▶ **Requirement**
Everything in the listing should be set down exactly, apart from the pictures.

▶ **Provided material**
※

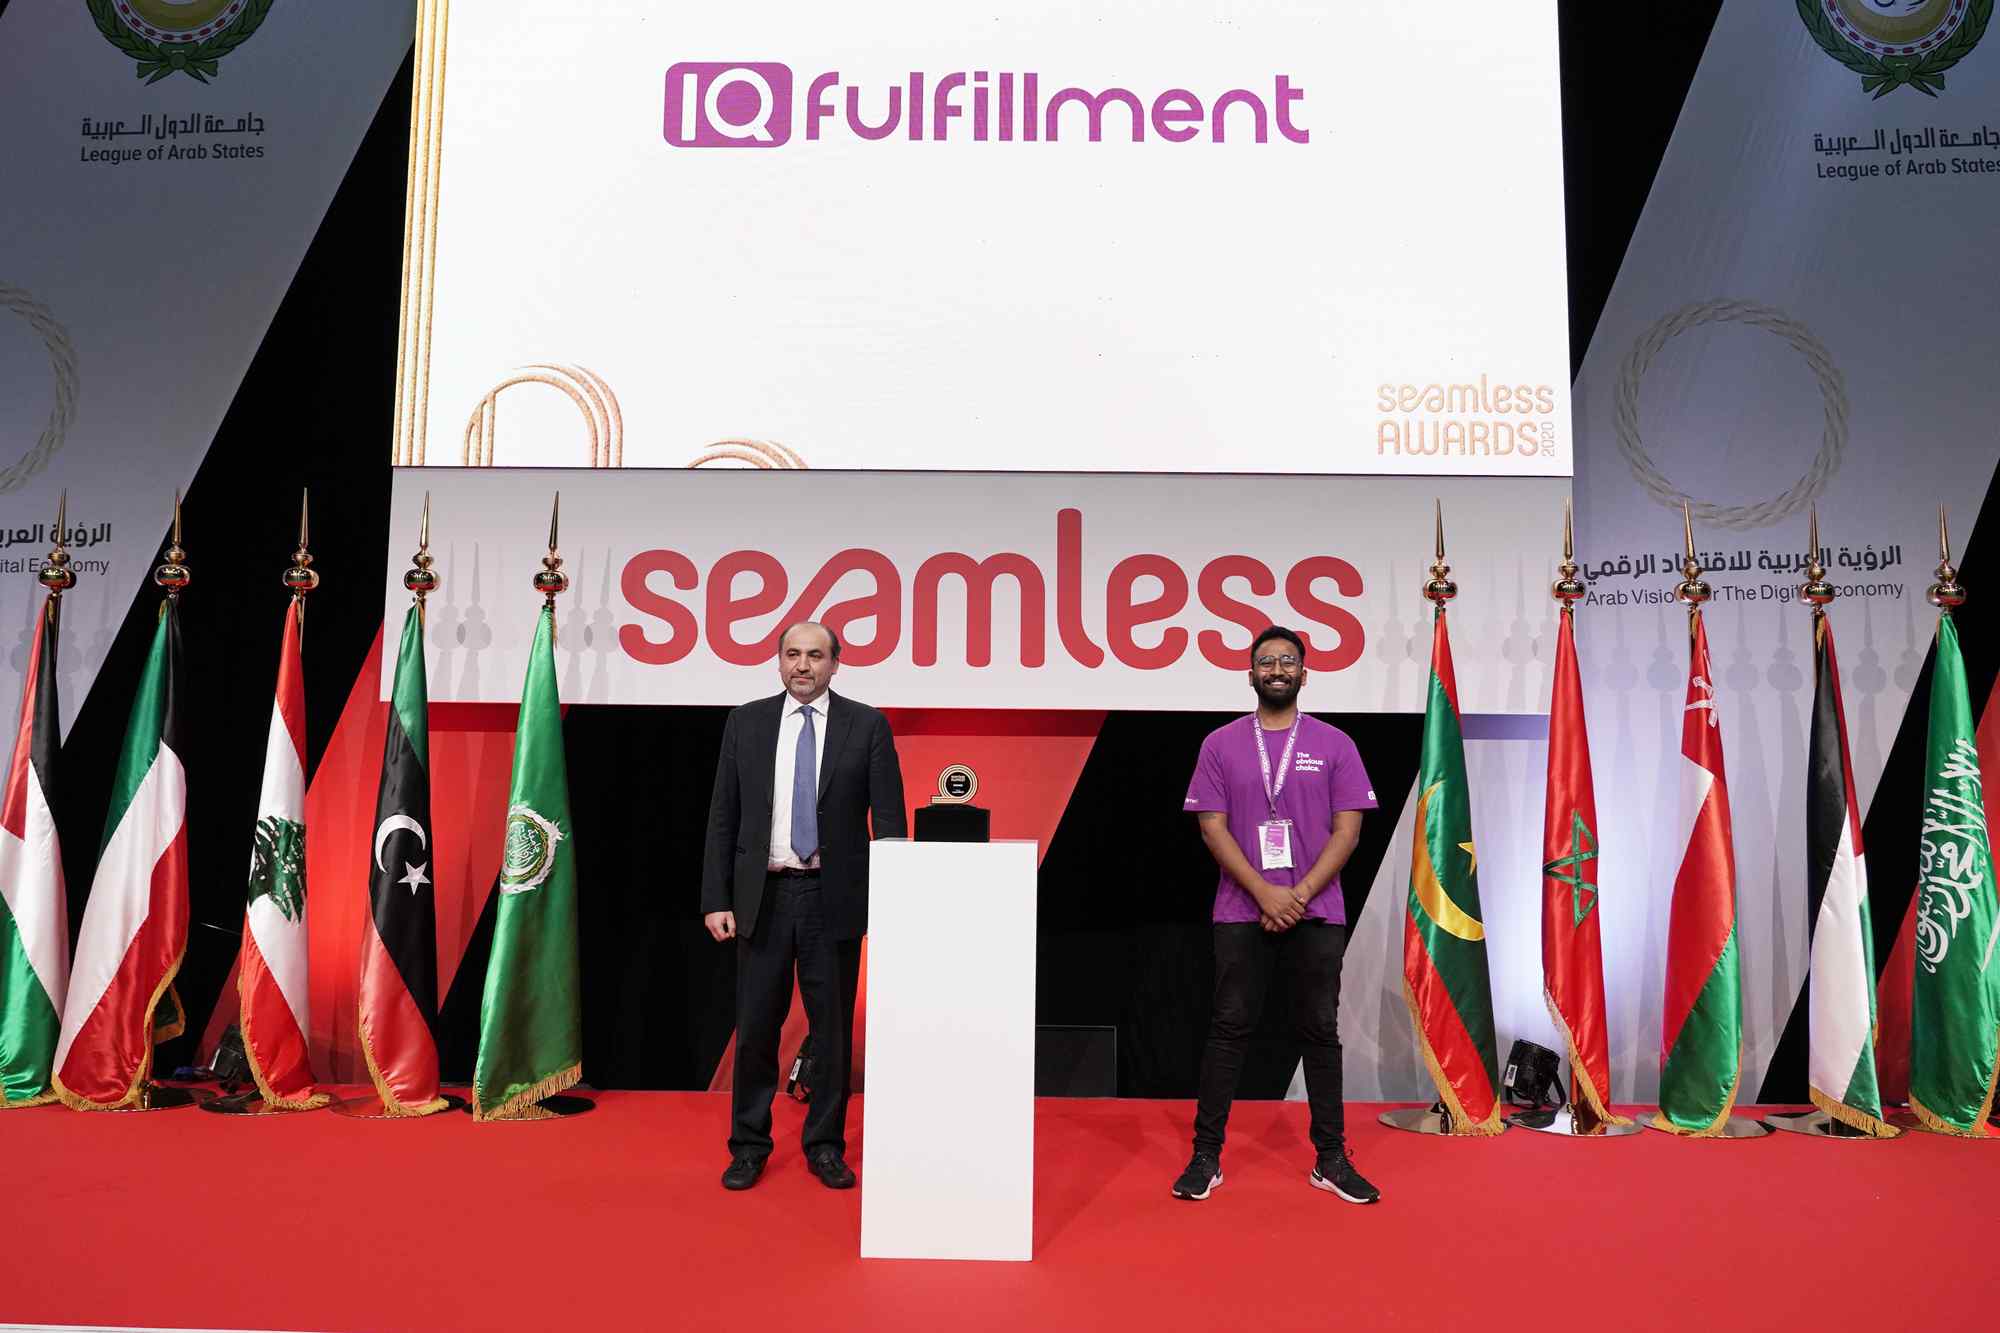 IQ Fulfillment Awarded E-commerce Start-Up of the Year at Seamless Middle East 2020
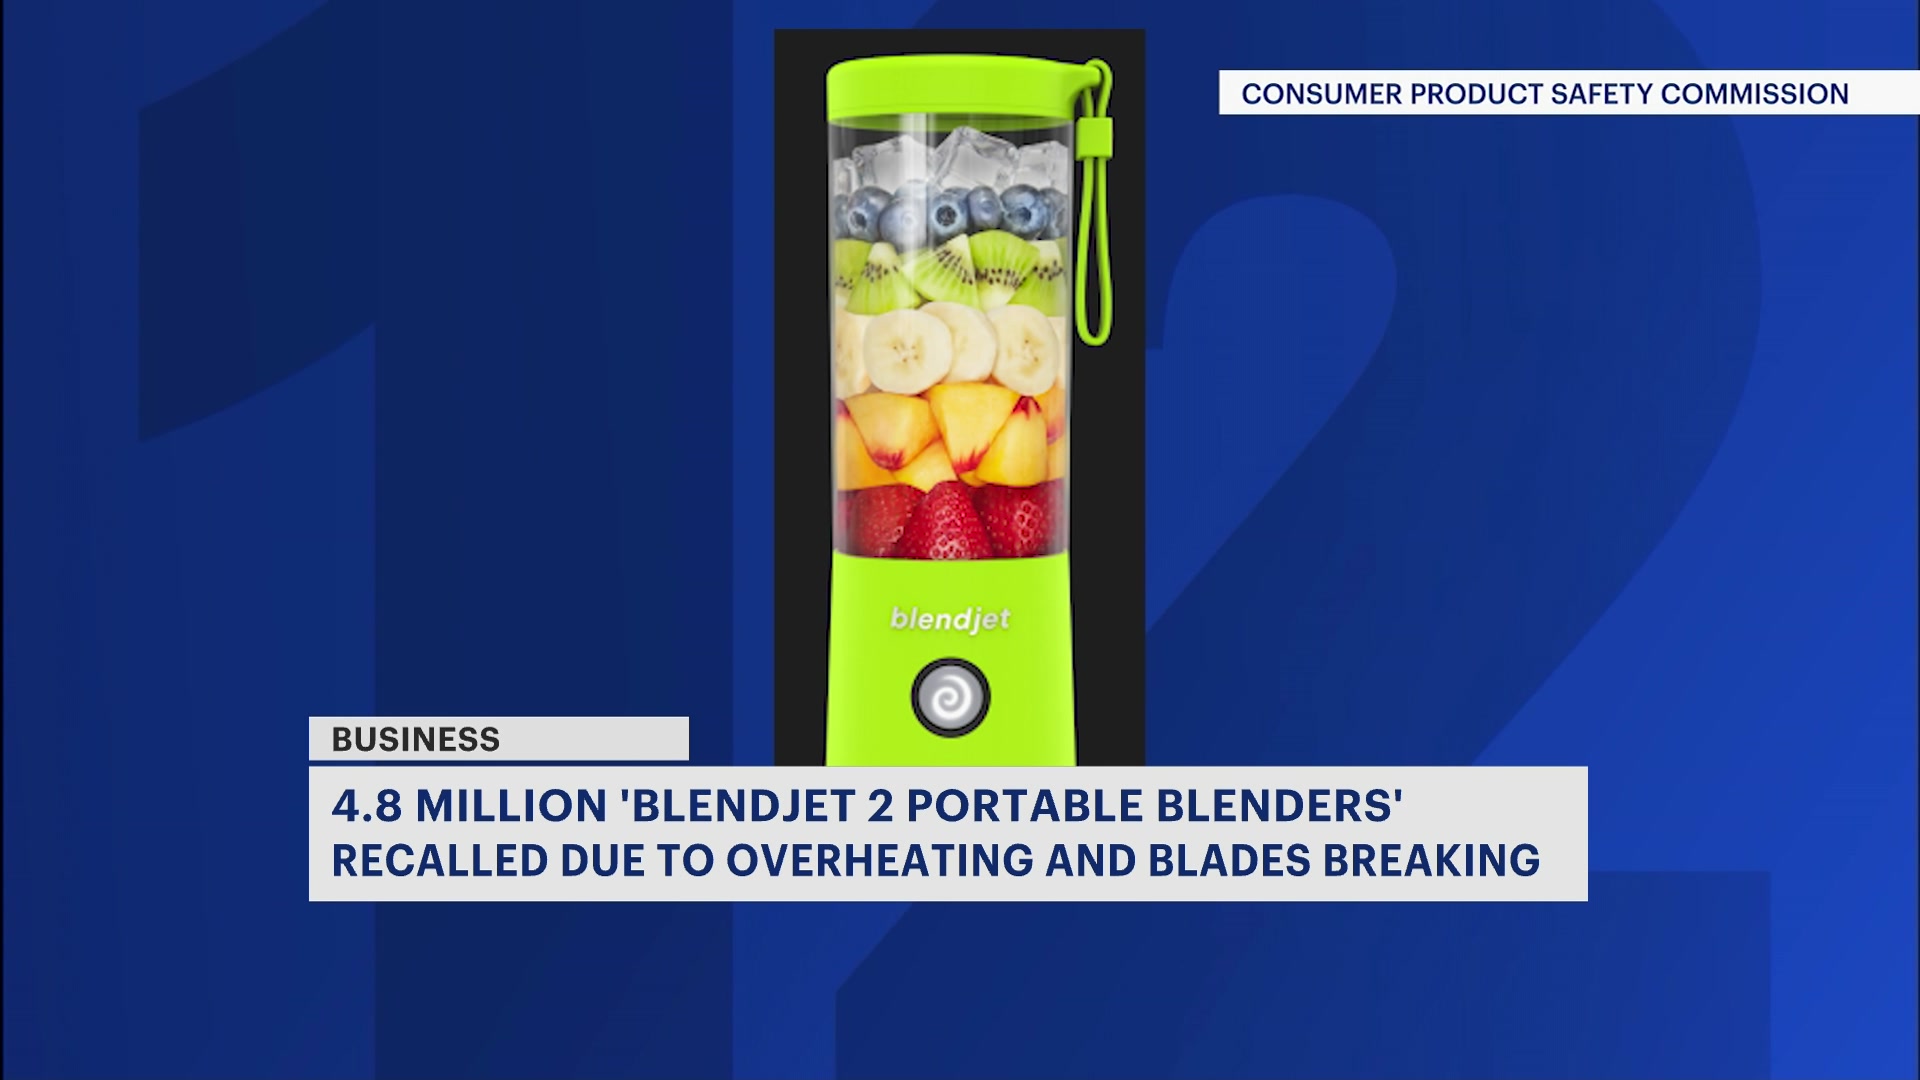 Recall of nearly 5 million portable blenders under way for unsafe
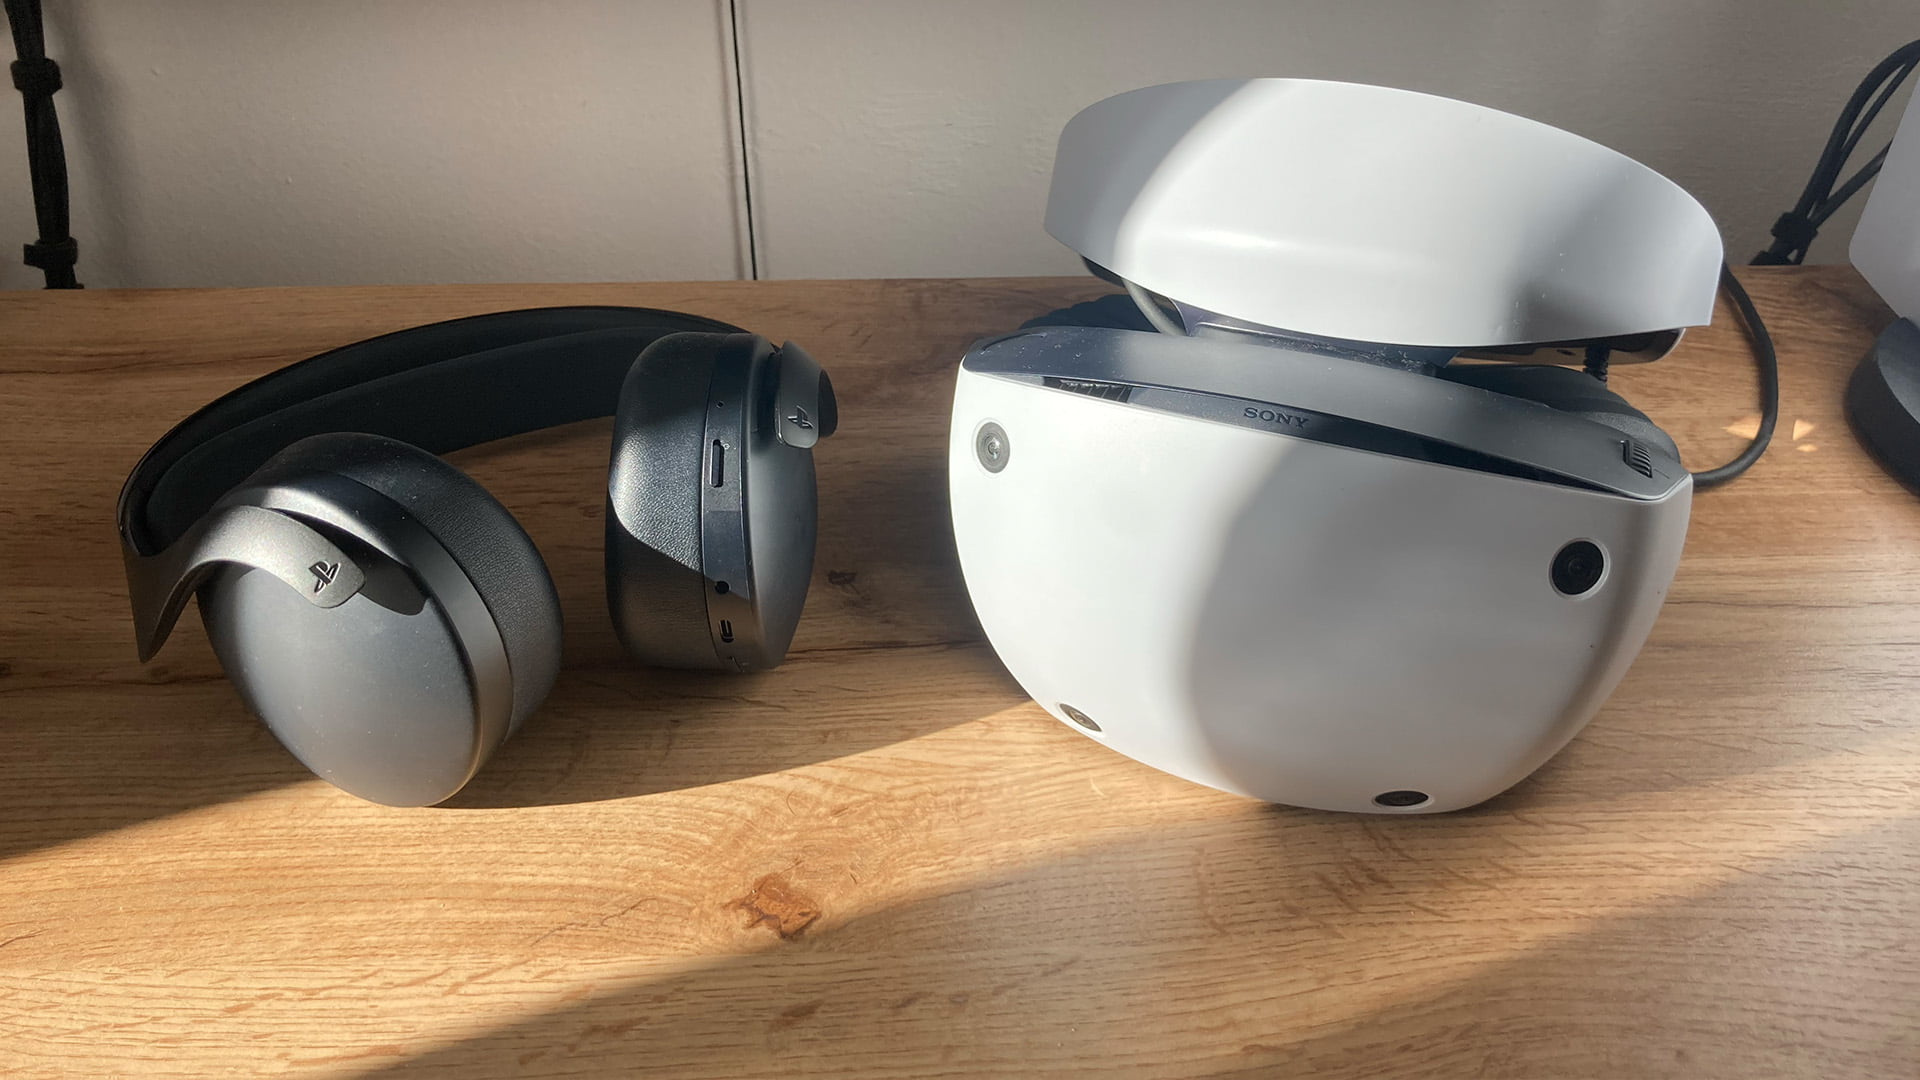 Sony’s Pulse 3D headset dramatically improves immersion with PSVR 2
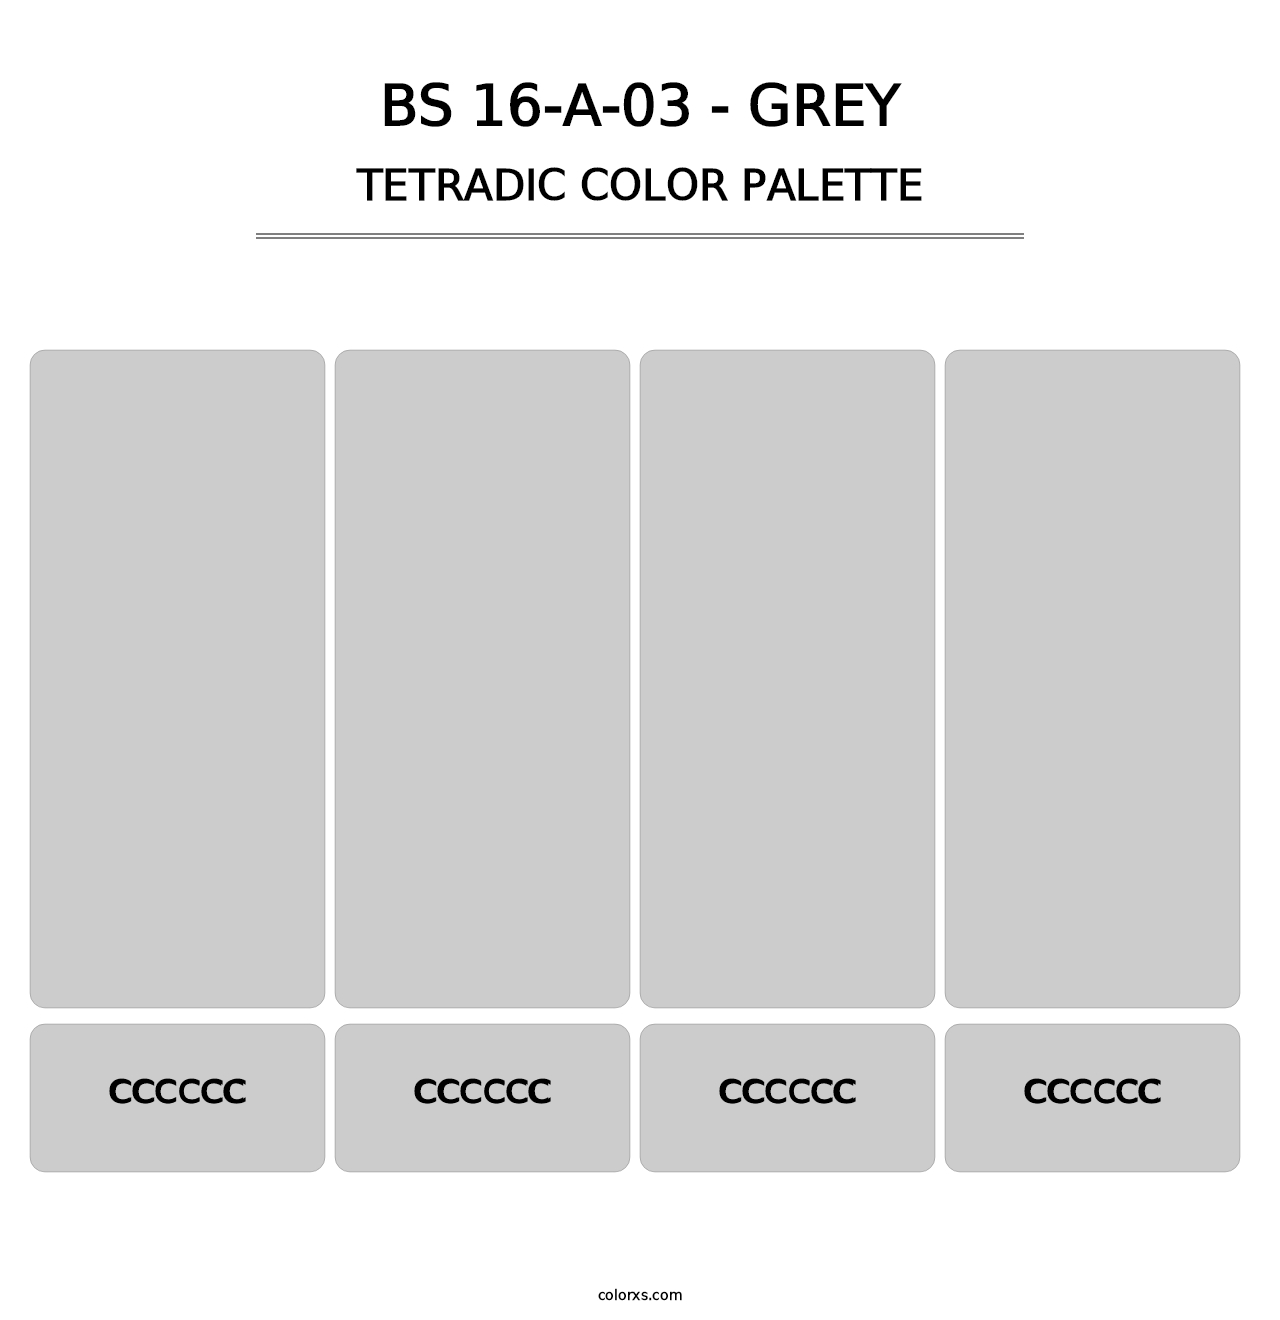 BS 16-A-03 - Grey - Tetradic Color Palette

※

▶ **Solution to the exercise**
 IQ Fulfillment Awarded E-commerce Start-Up of the Year at Seamless Middle East 2020
 Recall of nearly 5 million portable blenders under way for unsafe
 Sony’s Pulse 3D headset dramatically improves immersion with PSVR 2
 BS 16-A-03 - Grey - Tetradic Color Palette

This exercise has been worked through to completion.